Here are some tests that satisfy the above conditions and determine whether the object you want to compare (called rval in the test) is equivalent to the current object:

  1. If rval is null, not equal
  2. If rval is this (you are comparing yourself with yourself), equivalence
  3. If rval is not the same class or its subclasses, it is not equal
  4. If all the above tests pass, you must decide which fields in rval are important (and consistent) and then compare them.

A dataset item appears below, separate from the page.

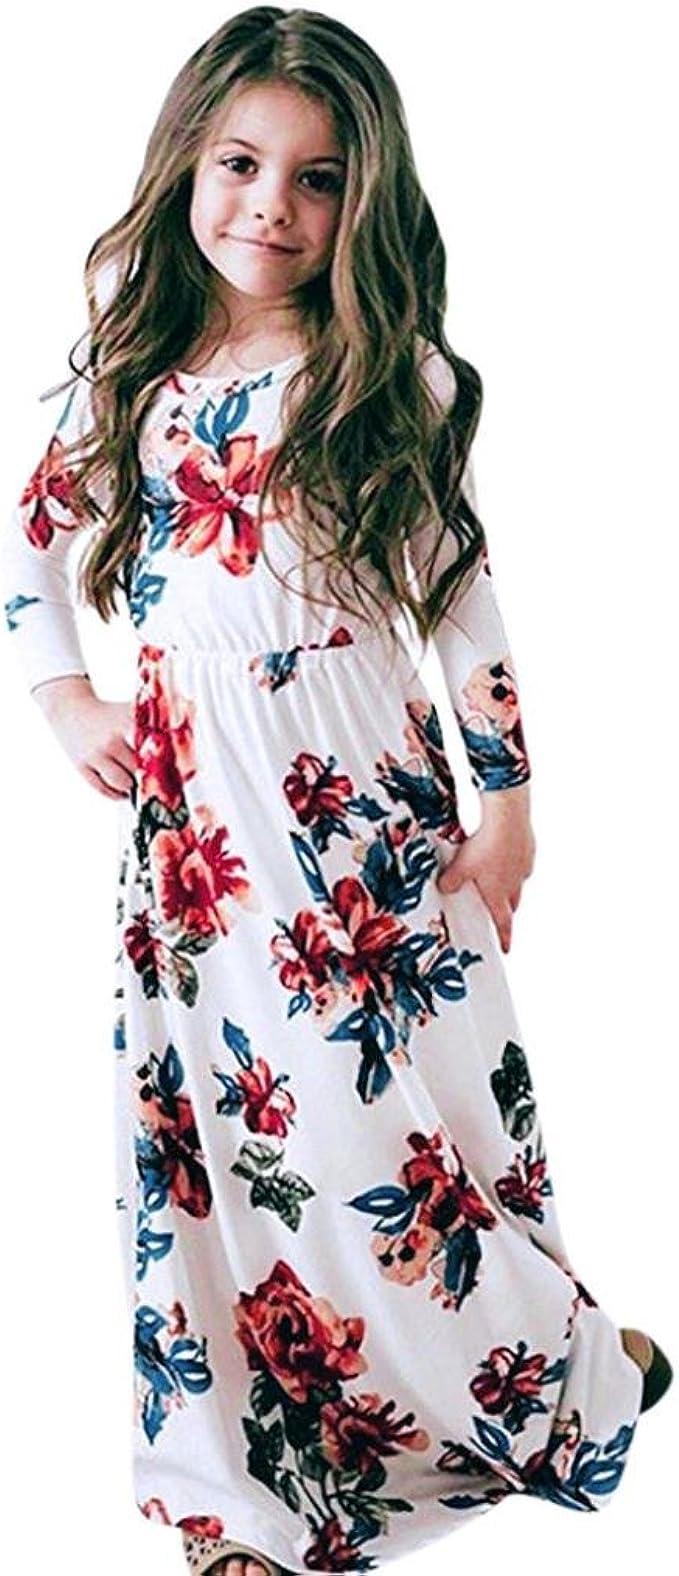 Mädchen Kleider Festliche Kindermode Kleider Longra Mädchen Blumen Kleid  Langarmshirt Kleid Schöne Lange Maxikleid Frühjahr-Sommer Kinderkleidung

Java 7 introduces Objects classes to help with this process, which we can use to write a better equals() method

The following example compares different versions of Equality classes. To prevent duplication of code, we use the factory approach to build use cases. This EqualityFactory interface simply defines a make() method to generate EqualityObjects, so different EqualityFactories can generate different EqualitySubclasses:

// EqualityFactory.java
import java.util.*;

interface EqualityFactory {
  Equality make(int i, String s, double d);
}

Now we will define Equality, which contains three fields (which we think are all important in comparison) and the euqals() method to satisfy the four tests mentioned above. The constructor outputs the class name so that we can ensure that the type is correct when testing:

// Equality.java
import java.util.*;

public class Equality {
  protected int i;
  protected String s;
  protected double d;
  public Equality(int i, String s, double d) {
    this.i = i;
    this.s = s;
    this.d = d;
    System.out.println("made 'Equality'");
  }
  @Override
  public boolean equals(Object rval) {
    if(rval == null)
      return false;
    if(rval == this)
      return true;
    if(!(rval instanceof Equality))
      return false;
    Equality other = (Equality)rval;
    if(!Objects.equals(i, other.i))
      return false;
    if(!Objects.equals(s, other.s))
      return false;
    if(!Objects.equals(d, other.d))
      return false;
    return true;
  }
  public void
  test(String descr, String expected, Object rval) {
    System.out.format("-- Testing %s --%n" +
      "%s instanceof Equality: %s%n" +
      "Expected %s, got %s%n",
      descr, descr, rval instanceof Equality,
      expected, equals(rval));
  }
  public static void testAll(EqualityFactory eqf) {
    Equality
      e = eqf.make(1, "Monty", 3.14),
      eq = eqf.make(1, "Monty", 3.14),
      neq = eqf.make(99, "Bob", 1.618);
    e.test("null", "false", null);
    e.test("same object", "true", e);
    e.test("different type", "false", new Integer(99));
    e.test("same values", "true", eq);
    e.test("different values", "false", neq);
  }
  public static void main(String[] args) {
    testAll( (i, s, d) -> new Equality(i, s, d));
  }
}
/* Output:
made 'Equality'
made 'Equality'
made 'Equality'
-- Testing null --
null instanceof Equality: false
Expected false, got false
-- Testing same object --
same object instanceof Equality: true
Expected true, got true
-- Testing different type --
different type instanceof Equality: false
Expected false, got false
-- Testing same values --
same values instanceof Equality: true
Expected true, got true
-- Testing different values --
different values instanceof Equality: true
Expected false, got false
*/

The testAll() method performs comparisons with all the different types of objects we can think of. It uses factories to construct Equality objects.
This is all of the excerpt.